Step Response of the Uncontrolled Plant:
The response is highly oscillatory, and the settling time takes roughly 100 seconds (which is way too long). No real elevator behaves in this manner. This suggests that the modeling is incorrect, an issue that should be addressed by the person who posted the unverified solution in the original thread or by posing a new question to modeling experts.
figure(1)
step(Plant), grid on, grid minor
Controller Design:
The damping ratio has been calculated correctly; however, the natural frequency of the desired closed-loop system has not been. It seems that you may have attempted to use an approximation formula but forgot to verify its correct application. The precise value (not an approximation) of ω is 1.18516590360739 rad/s. Additionally, a 1st-order PI controller is insufficient to provide adequate compensation for a generic 2nd-order plant. Therefore, a 2nd-order PID controller should be employed.
%% Kontroler (Polish)
overshoot = 10/100;
Zeta = (-log(overshoot))/sqrt(pi^2+(log(overshoot)^2))
Zeta = 0.5912
Wn = 3.9/(5*Zeta)
Wn = 1.3195
Wn = 5/(4*Zeta) % super precise value is 1.18516590360739 rad/s
Wn = 2.1145
Ki = (Wn^3*M)/K
Ki = 8.7250e-04
Kp = ((2.15*Wn^2*M)/K)-1
Kp = -0.9991
Kontroler = pid(Kp, Ki)
Kontroler = 1 Kp + Ki * --- s with Kp = -0.999, Ki = 0.000873 Continuous-time PI controller in parallel form.

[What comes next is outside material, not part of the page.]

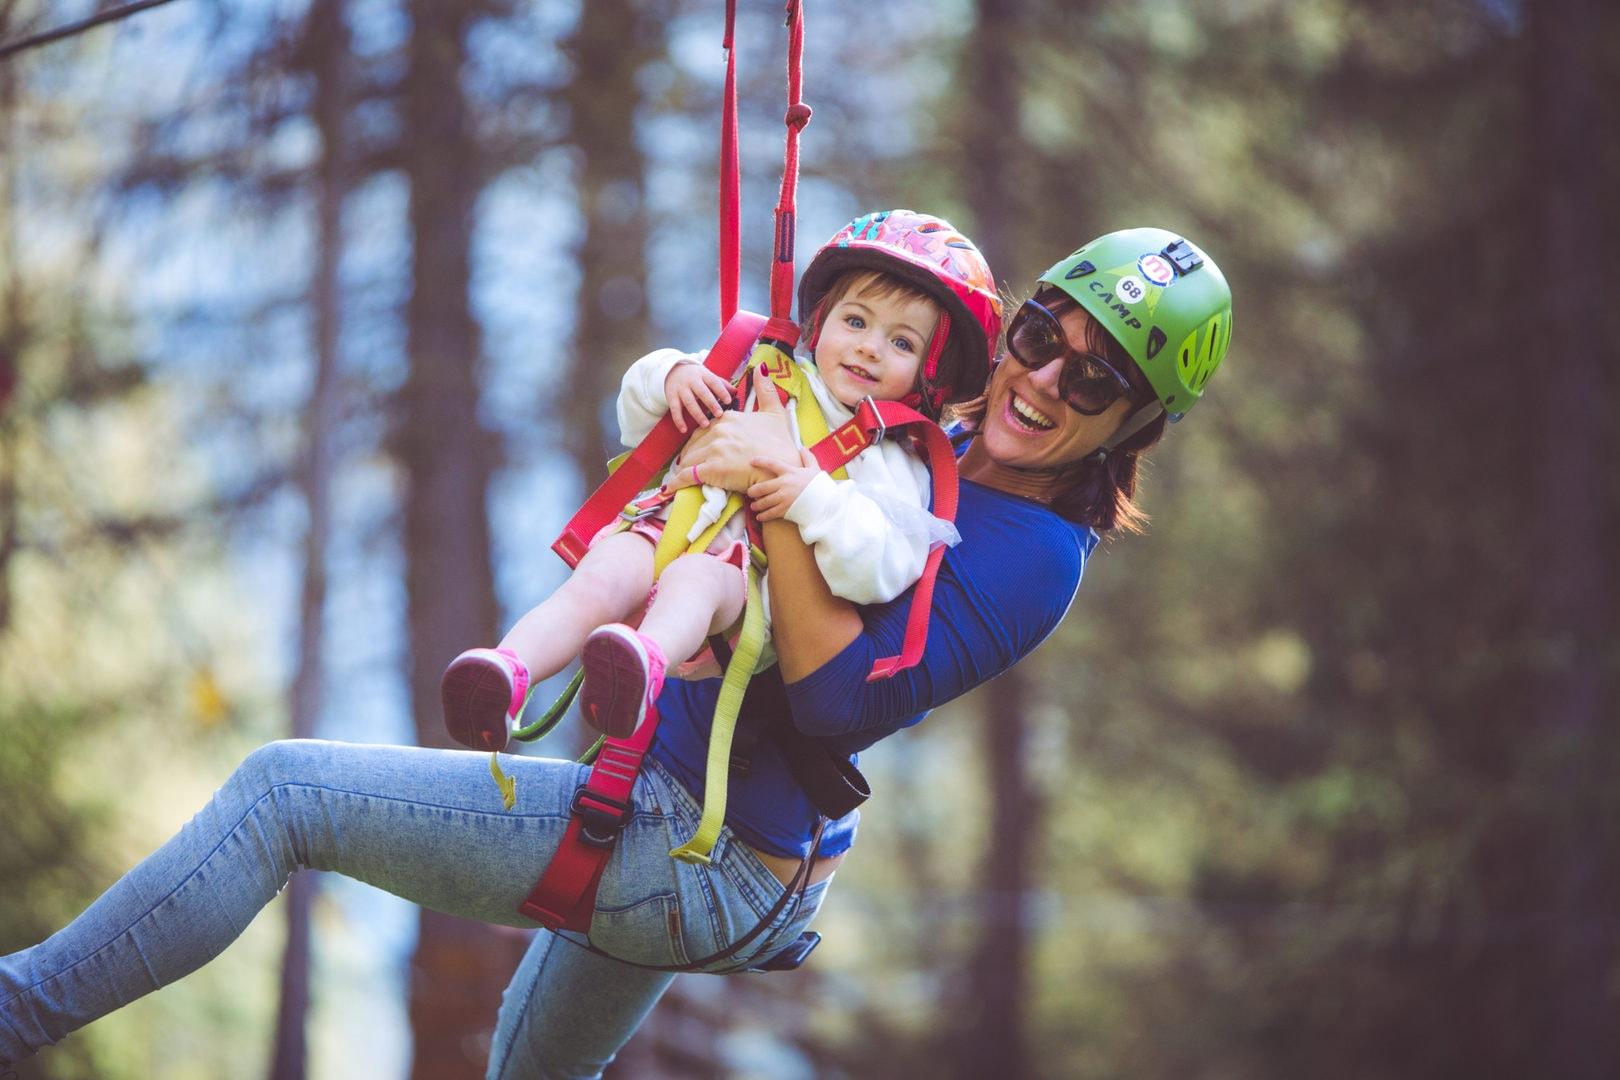 Famiglie al Lariìx Park a Livigno, parco avventura sulle Alpi

Analysis of the Closed-Loop System:
After designing the controller, the closed-loop poles should be checked to ensure that all real parts are negative. Clearly, at least one pole has a positive real part, as indicated by the response, which explodes, as shown in the figure below.
%% Closed-loop system
ClosedLoop = minreal(feedback(Kontroler*Plant, 1))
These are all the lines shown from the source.